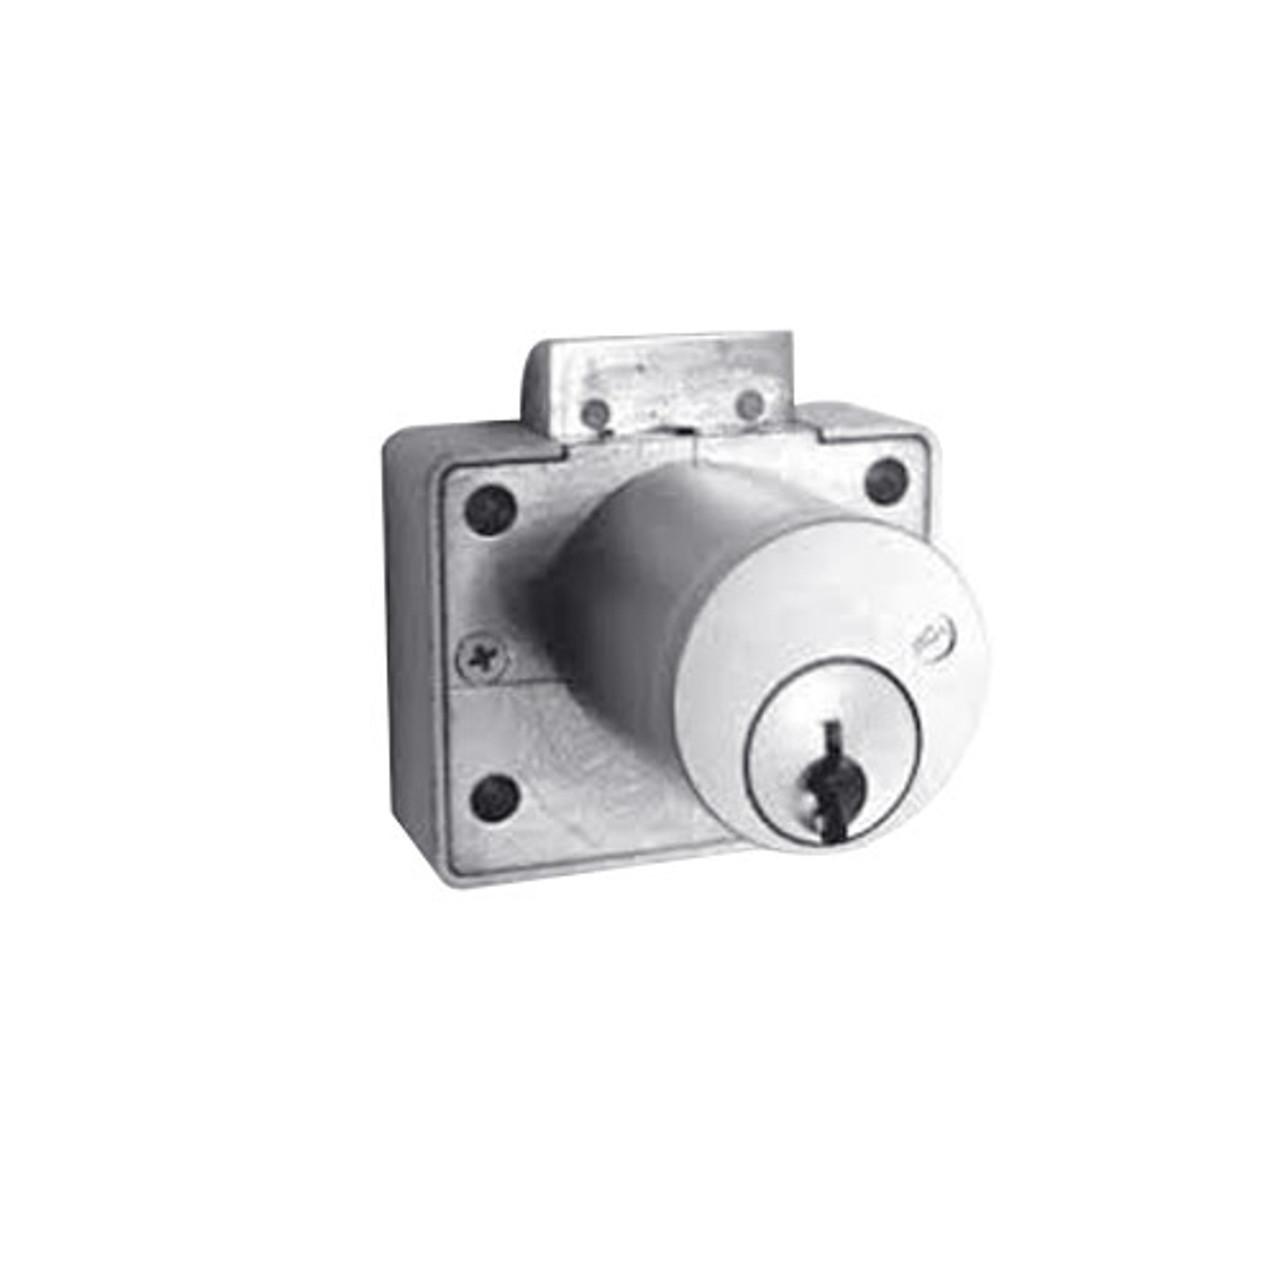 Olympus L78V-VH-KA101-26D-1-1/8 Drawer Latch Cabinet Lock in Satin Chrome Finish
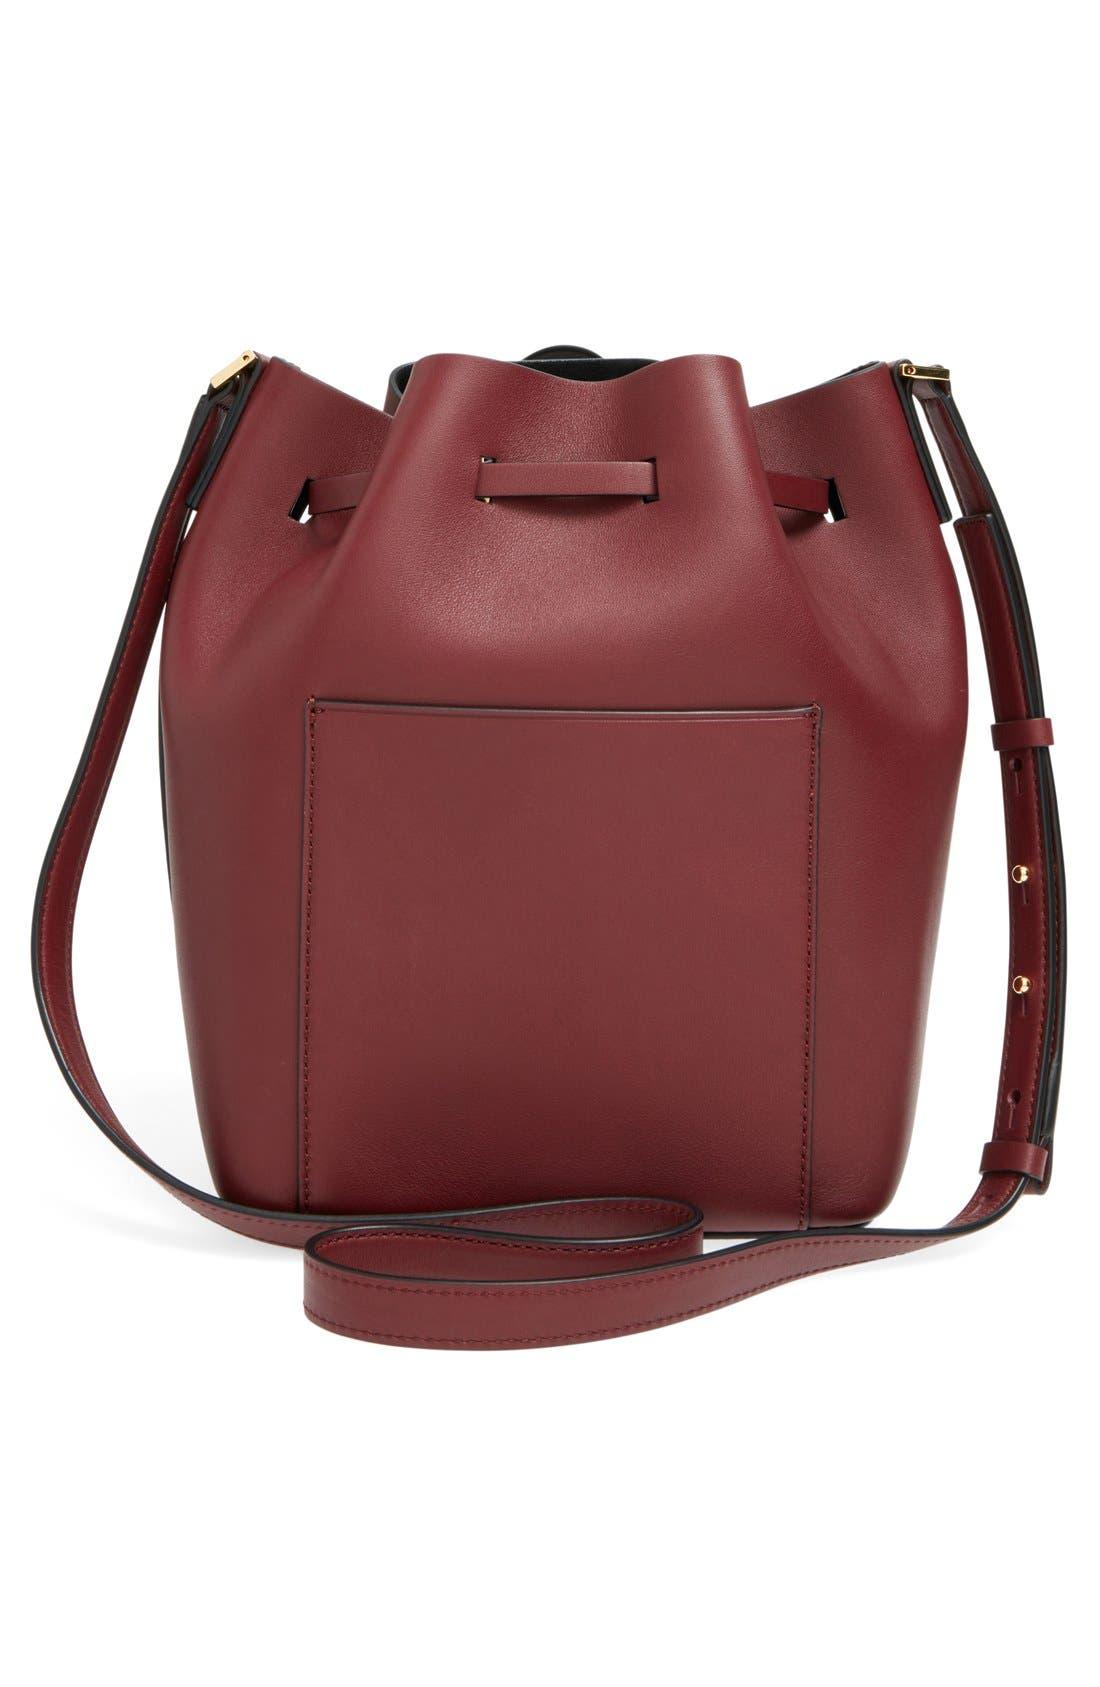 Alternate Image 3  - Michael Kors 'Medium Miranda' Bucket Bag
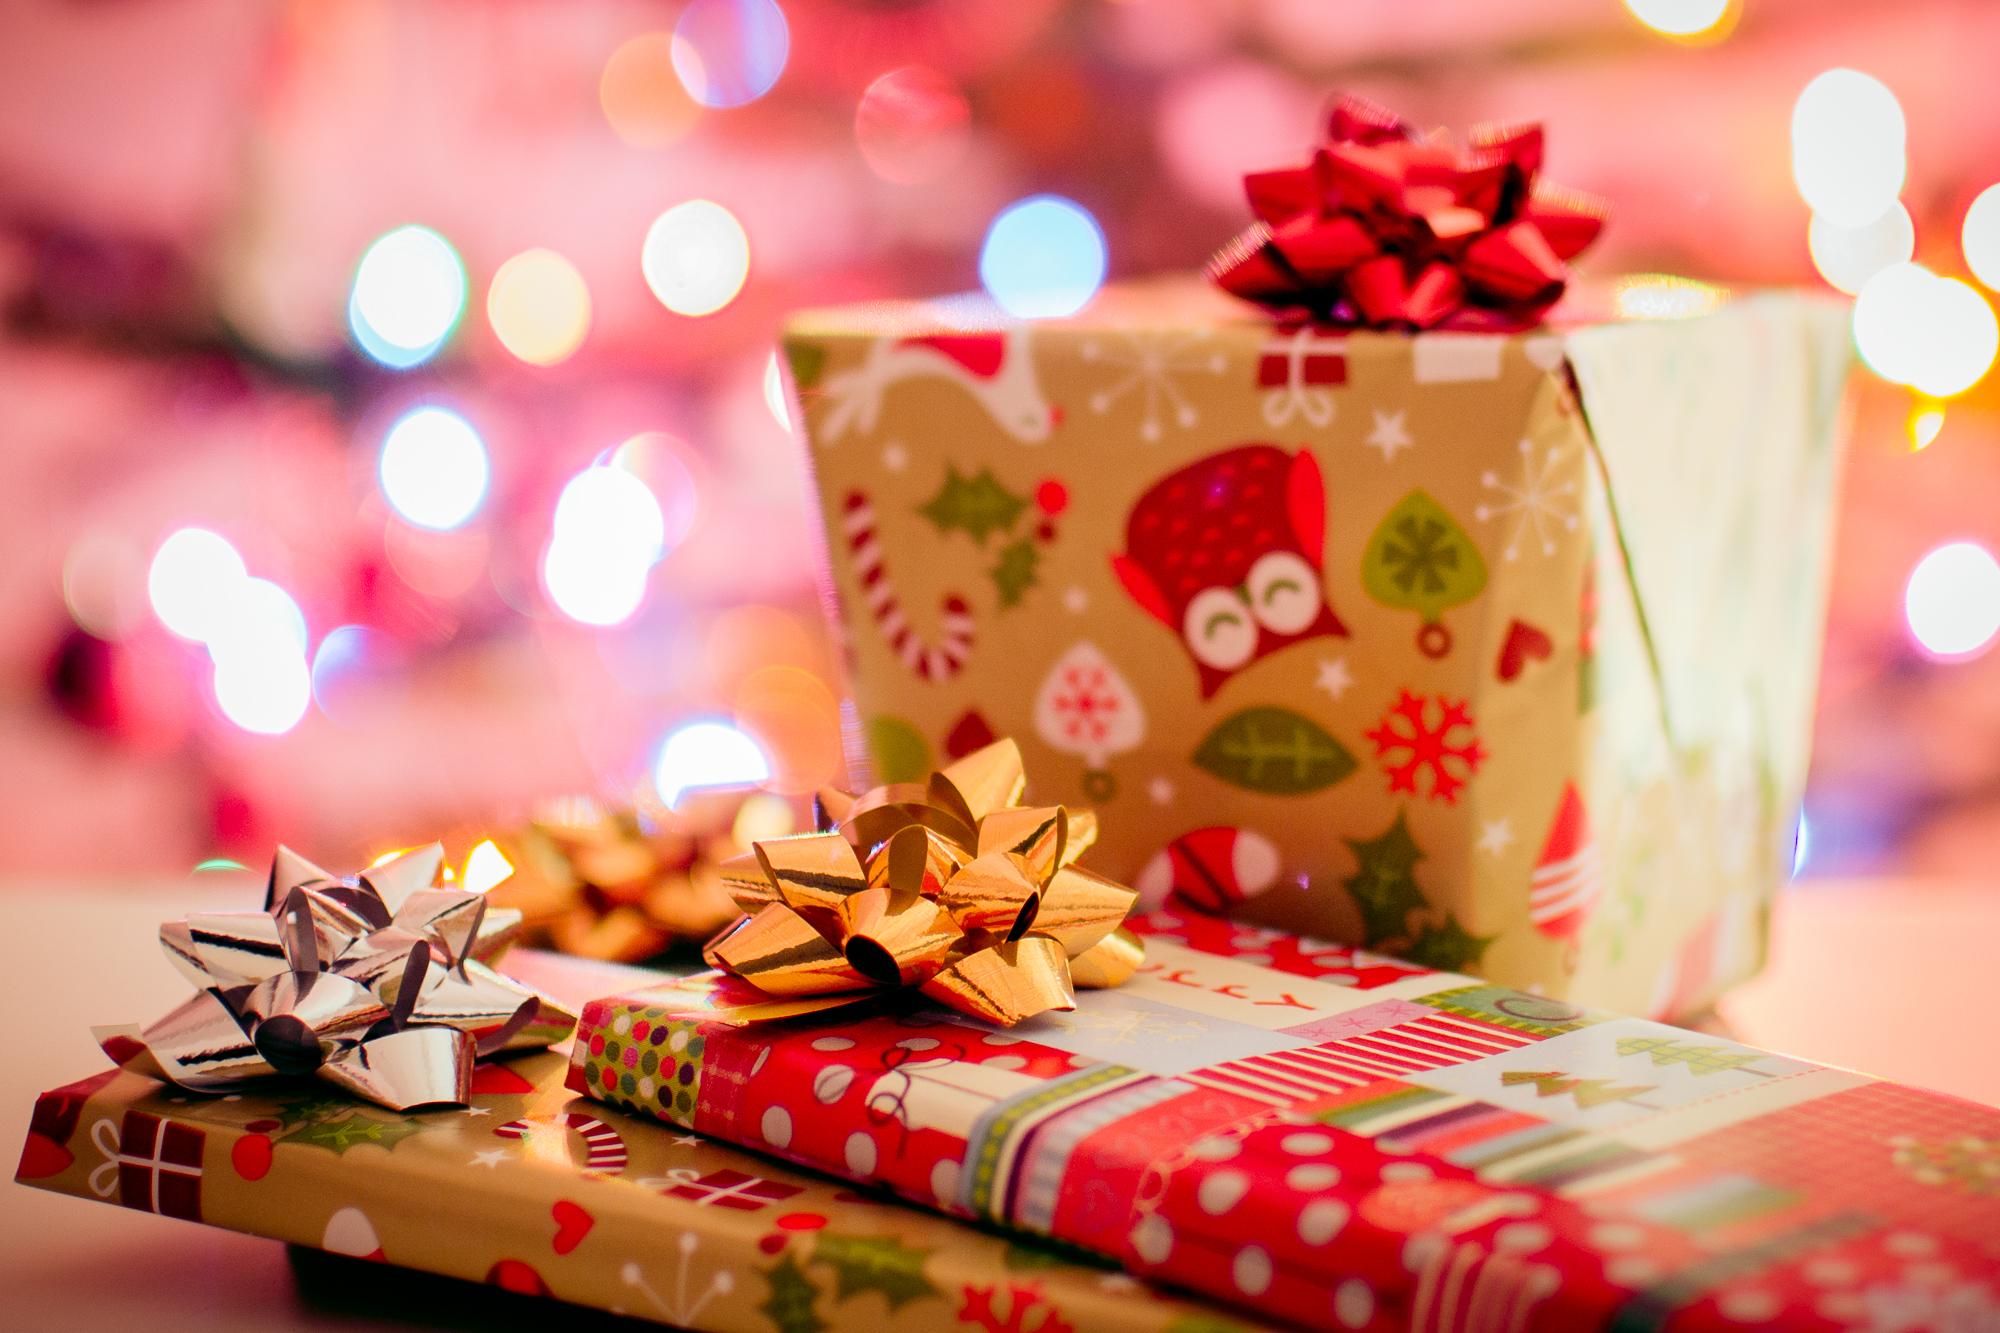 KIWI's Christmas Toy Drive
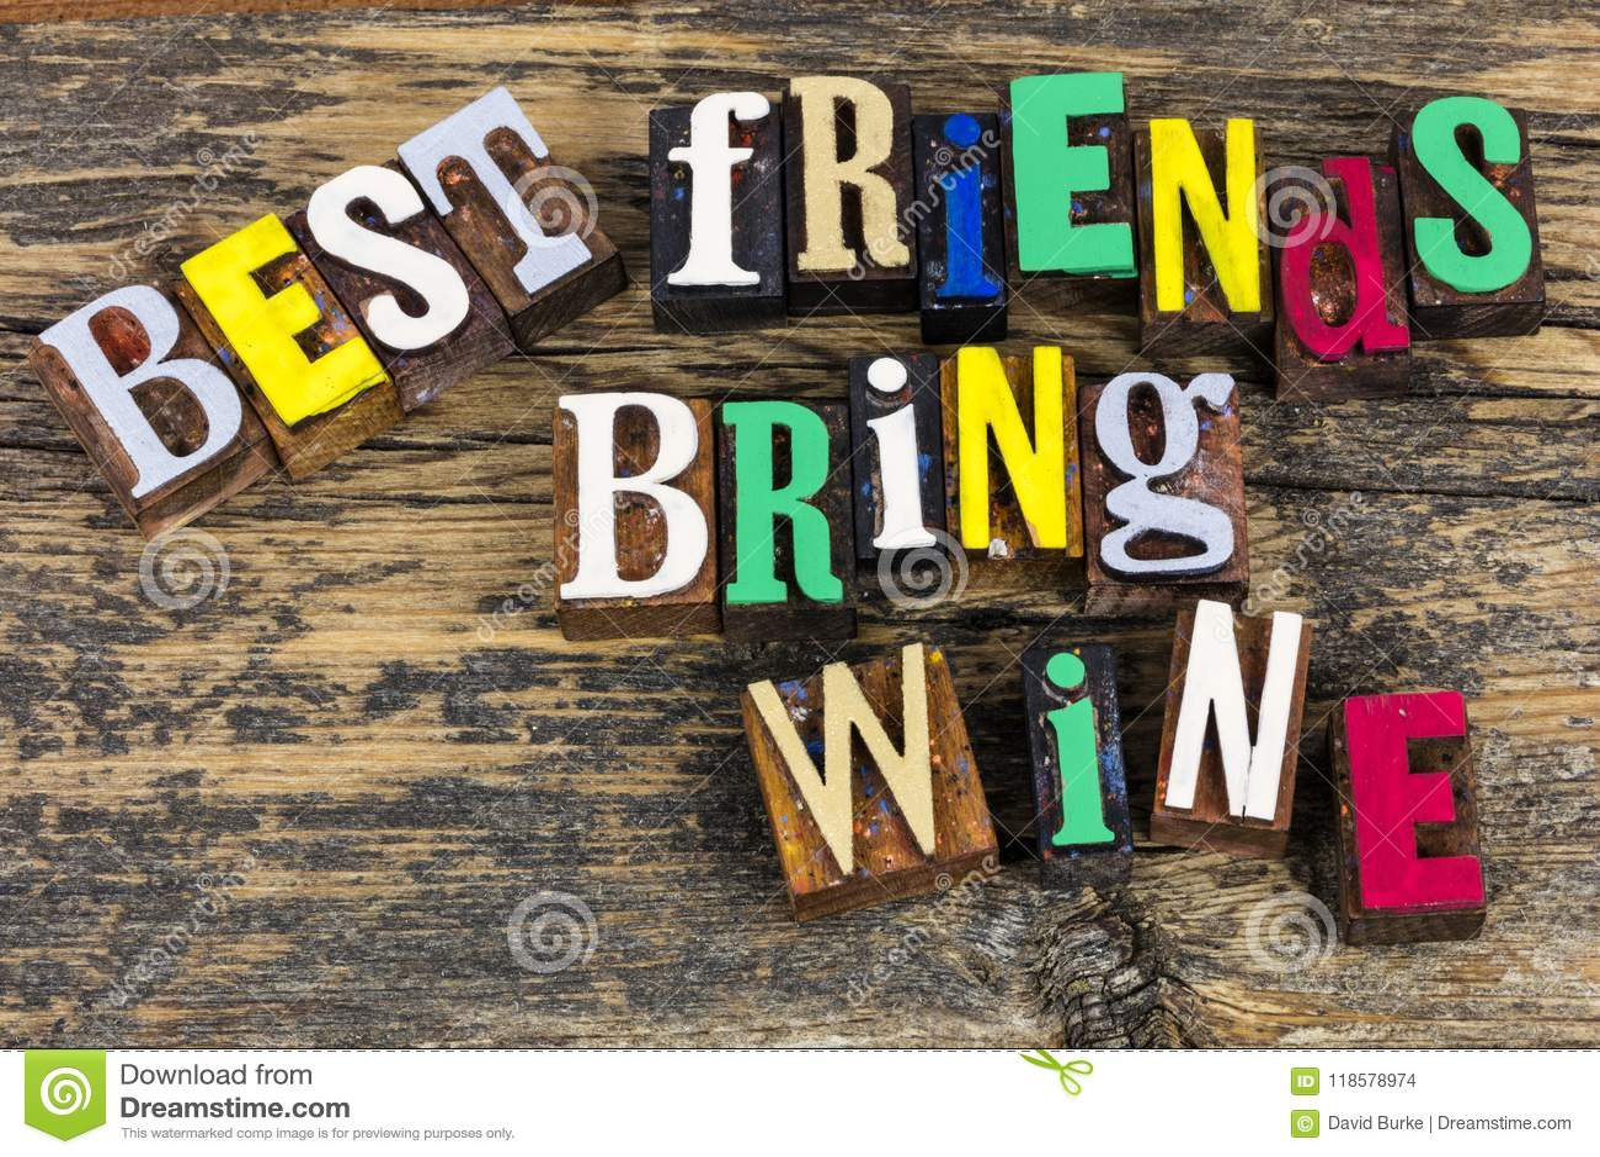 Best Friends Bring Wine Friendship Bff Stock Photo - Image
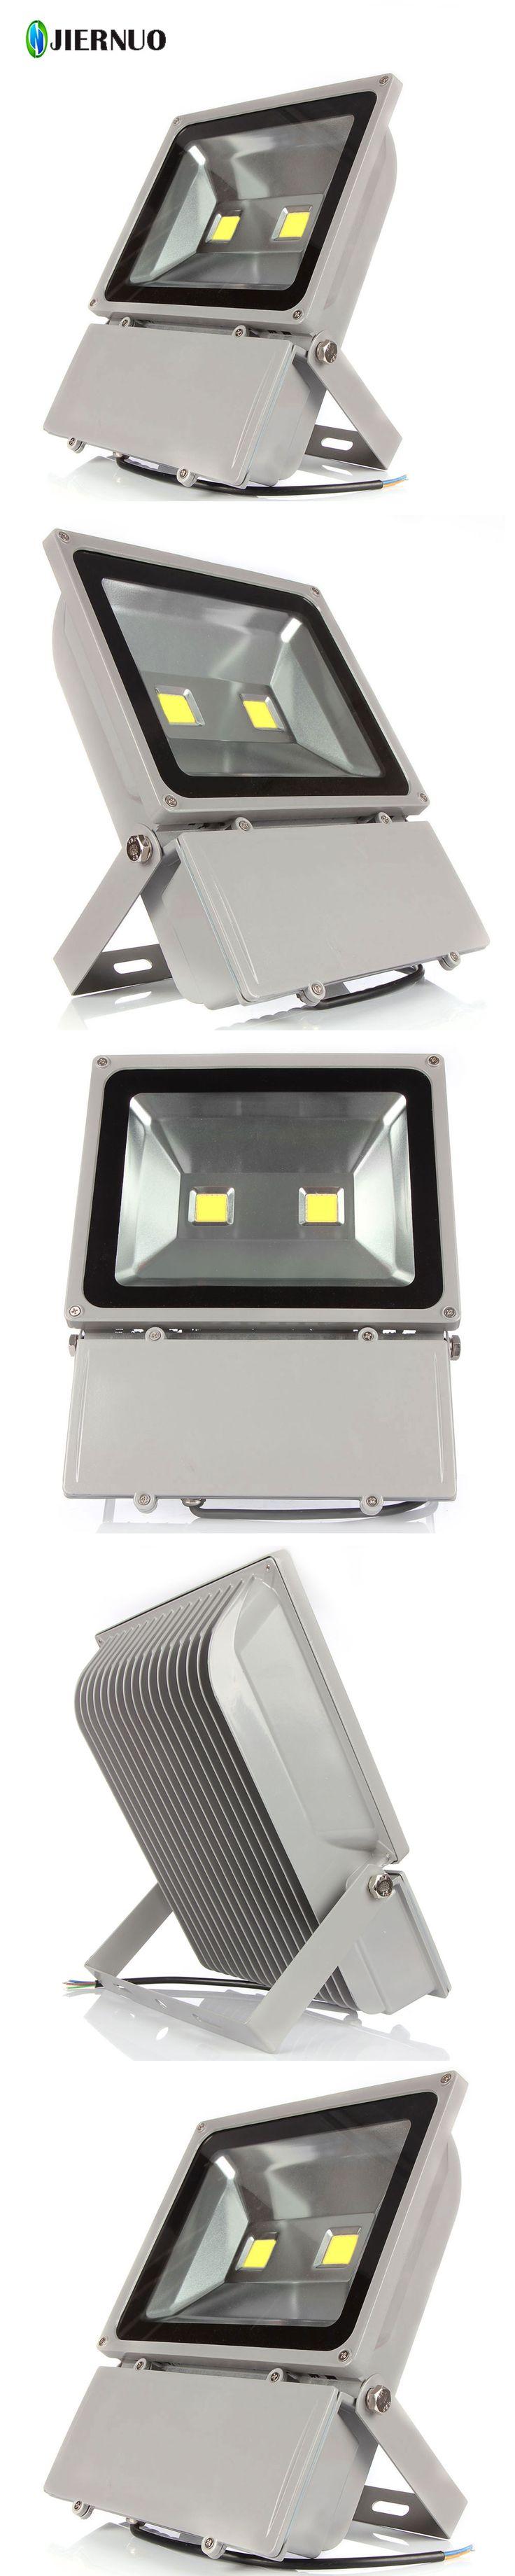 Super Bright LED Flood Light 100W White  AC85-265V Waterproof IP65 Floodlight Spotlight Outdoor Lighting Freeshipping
***
### GOAL OF THE EXERCISE
Reproduce the lines from the one with "Alternate Image 3" through the end of the data, keeping both end lines, adding nothing, and dropping any pictures.

### RESULT OF THE TASK
 Alternate Image 3  - Michael Kors 'Medium Miranda' Bucket Bag
 KIWI's Christmas Toy Drive
 Best Friends Bring Wine Friendship Bff Stock Photo - Image
 Super Bright LED Flood Light 100W White  AC85-265V Waterproof IP65 Floodlight Spotlight Outdoor Lighting Freeshipping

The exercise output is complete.